Было шесть двадцать, и человеку здравомыслящему в это время полагалось бы поесть чего-нибудь горяченького. Мысль о кофе тоже вдохновляла. Но где здесь можно подкрепиться. Пиркс не знал. Он впервые попал на Агатодемон; до тех пор он обслуживал главный плацдарм на Сырте. Почему атаку на Марс вели одновременно в двух пунктах, разделенных дюжиной тысяч миль? Научные обоснования Пирксу были известны, по он держался своего мнения; впрочем, он не афишировал этот свой скептицизм. Большой Сырт предназначался для термоядерного, а также интеллектронного полигона. Он и выглядел совсем иначе. Некоторые утверждали, что Агатодемон — это Золушка Проекта и что его не раз уже собирались ликвидировать, но пока все еще питают надежды на эту самую замерзшую воду, на гигантские ледники древних эпох, именно здесь где-то залегающие под спекшимся грунтом. Конечно, если бы Проект докопался до местной воды, это было бы подлинным триумфом — ведь пока что каждую каплю возили с Земли, а устройства, которые должны вылавливать водяные пары из атмосферы, второй год доделывали да налаживали, и срок запуска все передвигался.

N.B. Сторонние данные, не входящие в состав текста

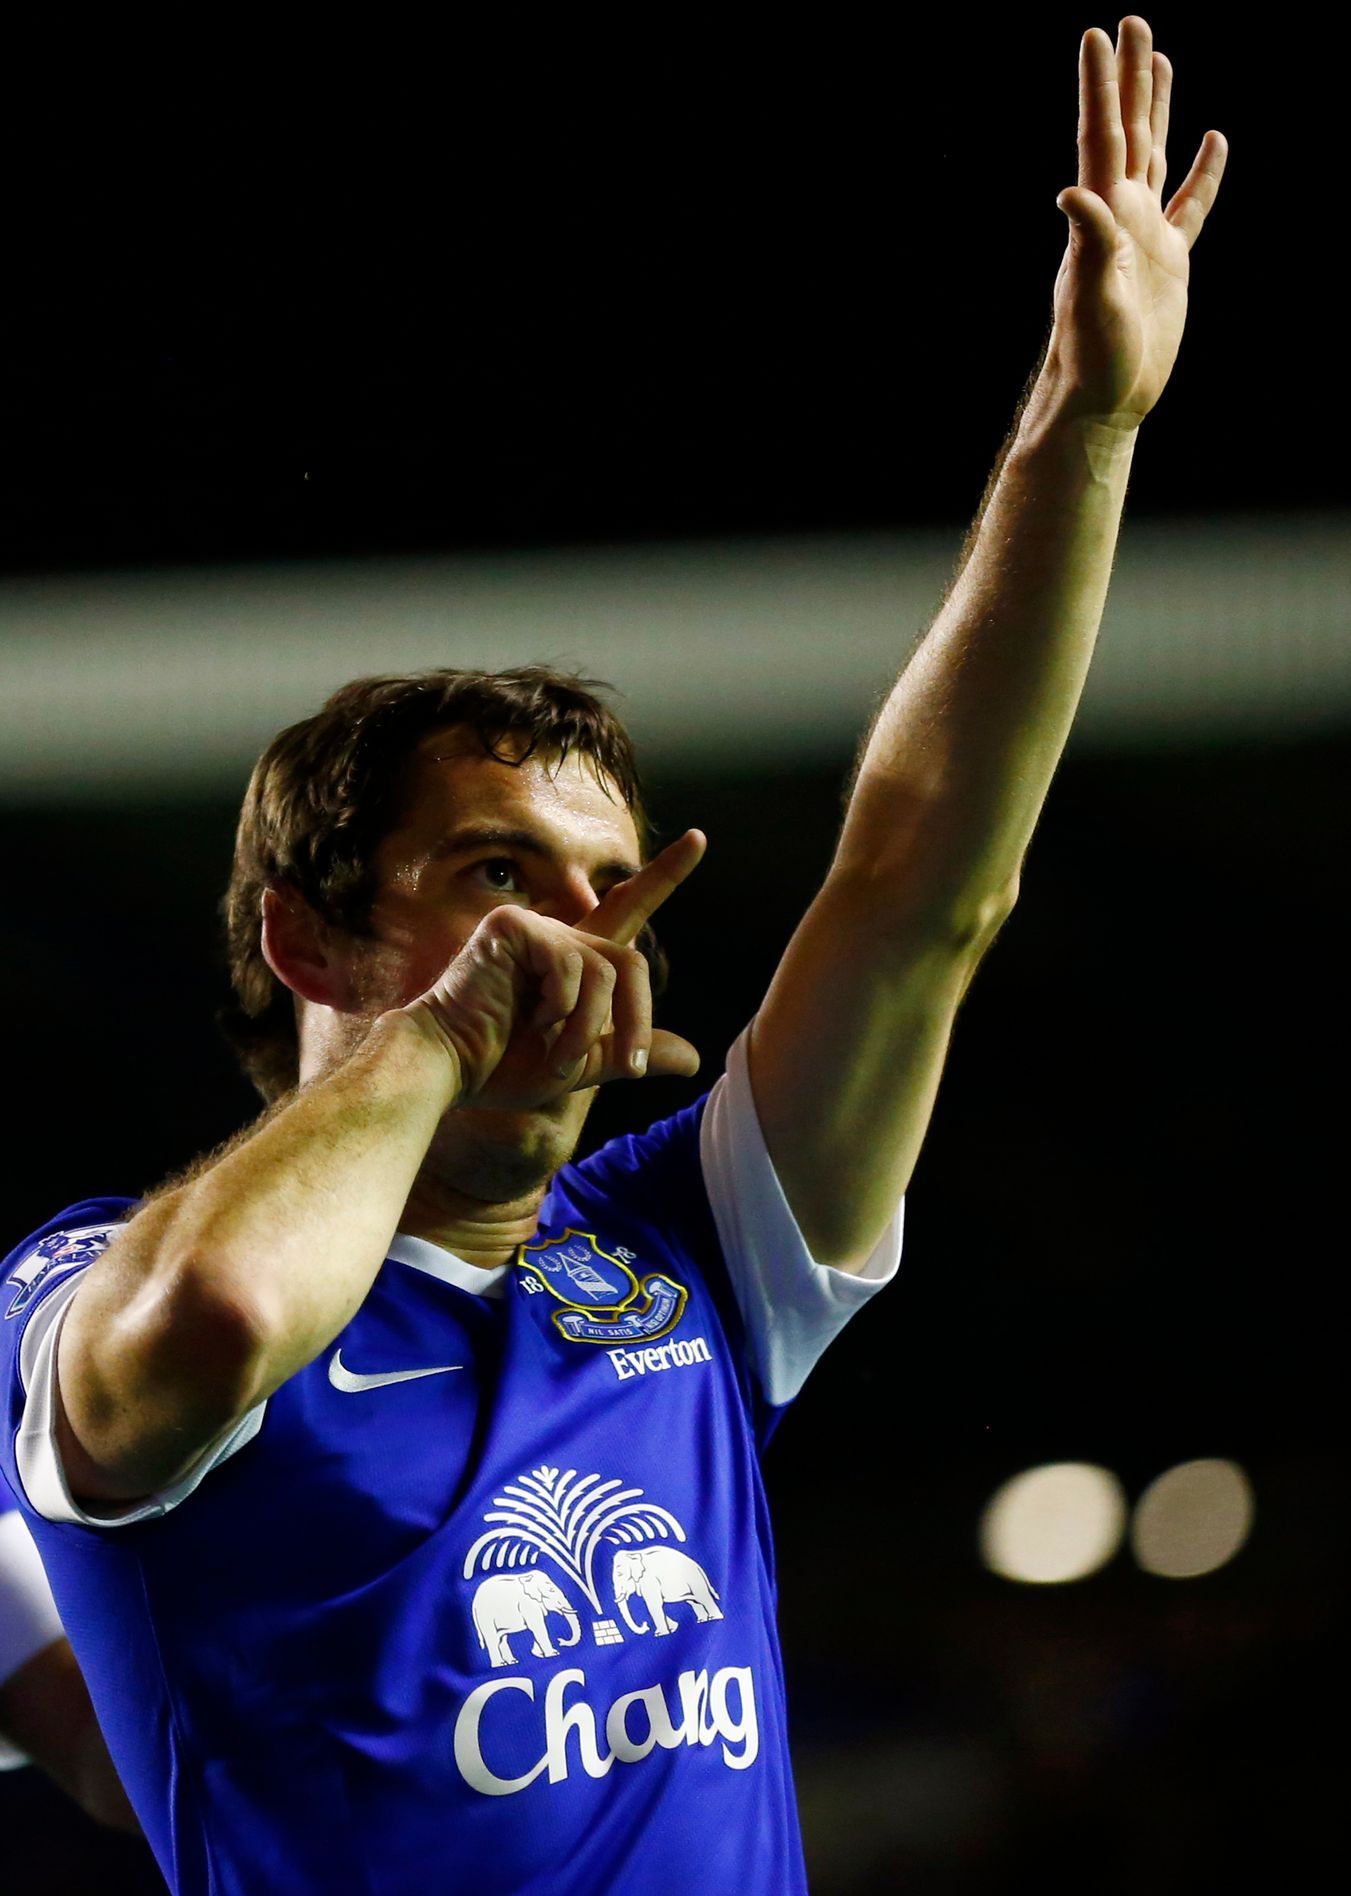 Leighton Baines slaví gól v zápase Everton - Newcastle

Нет, Марс определенно не имел ничего привлекательного для Пиркса.
В здании было так тихо, словно все куда-то ушли или умерли, и все же Пирксу не хотелось выходить из комнаты. Не хотелось в основном потому, что он постепенно все больше привыкал к одиночеству.

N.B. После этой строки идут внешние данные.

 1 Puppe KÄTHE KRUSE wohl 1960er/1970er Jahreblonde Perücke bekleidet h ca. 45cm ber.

Командир корабля может весь рейс провести одиноко, отъединение от всех, если ему вздумается, — и в одиночестве Пиркс чувствовал себя лучше; после дальнего рейса (сейчас, когда противостояние окончилось, полет к Марсу продолжался более трех месяцев) ему приходилось делать над собой усилие, чтобы сразу и просто войти в скопище чужих людей. А тут он не знал никого, кроме дежурного контролера. Можно пойти к нему на второй этаж, но это будет не слишком тактично. Не годится попусту беспокоить человека, когда он несет вахту. Пиркс судил по себе: он по любил таких незваных гостей.
Пиркс достал из чемоданчика термос с остатками кофе и пачку печенья. Ел, стараясь не насорить, пил и смотрел сквозь исцарапанное песчинками стекло круглого окошка на древнюю и словно бы смертельно усталую равнину Агатодемона. Именно такое впечатление производил на него Марс: что ему уже все равно. Поэтому так странно теснятсятут друг к другу кратеры, непохожие на лунные, будто бы размытые („Словно поддельные!“ — вырвалось у Пиркса однажды при виде хороших, больших фотографий Марса); поэтому так нелепо выглядят „хаосы“ — марсианские местности с причудливым, стихийно исковерканным ландшафтом (их обожают ареологи, ибо на Земле нет ничего похожего на такие формация). Марс будто бы смирился с судьбой и уже не заботится ни о том, чтобы выполнять свои обещания, ни о том, чтобы хоть видимость соблюсти. Когда приближаешься к нему, он понемногу теряет свой солидный красноватый облик, перестает быть эмблемой бога войны, становится грязно-бурым, с пятнами, с затеками; четких очертаний, как на Земле или на Луне, здесь не встретишь — все размазано, все ржаво-серое, и вечно дует ветер.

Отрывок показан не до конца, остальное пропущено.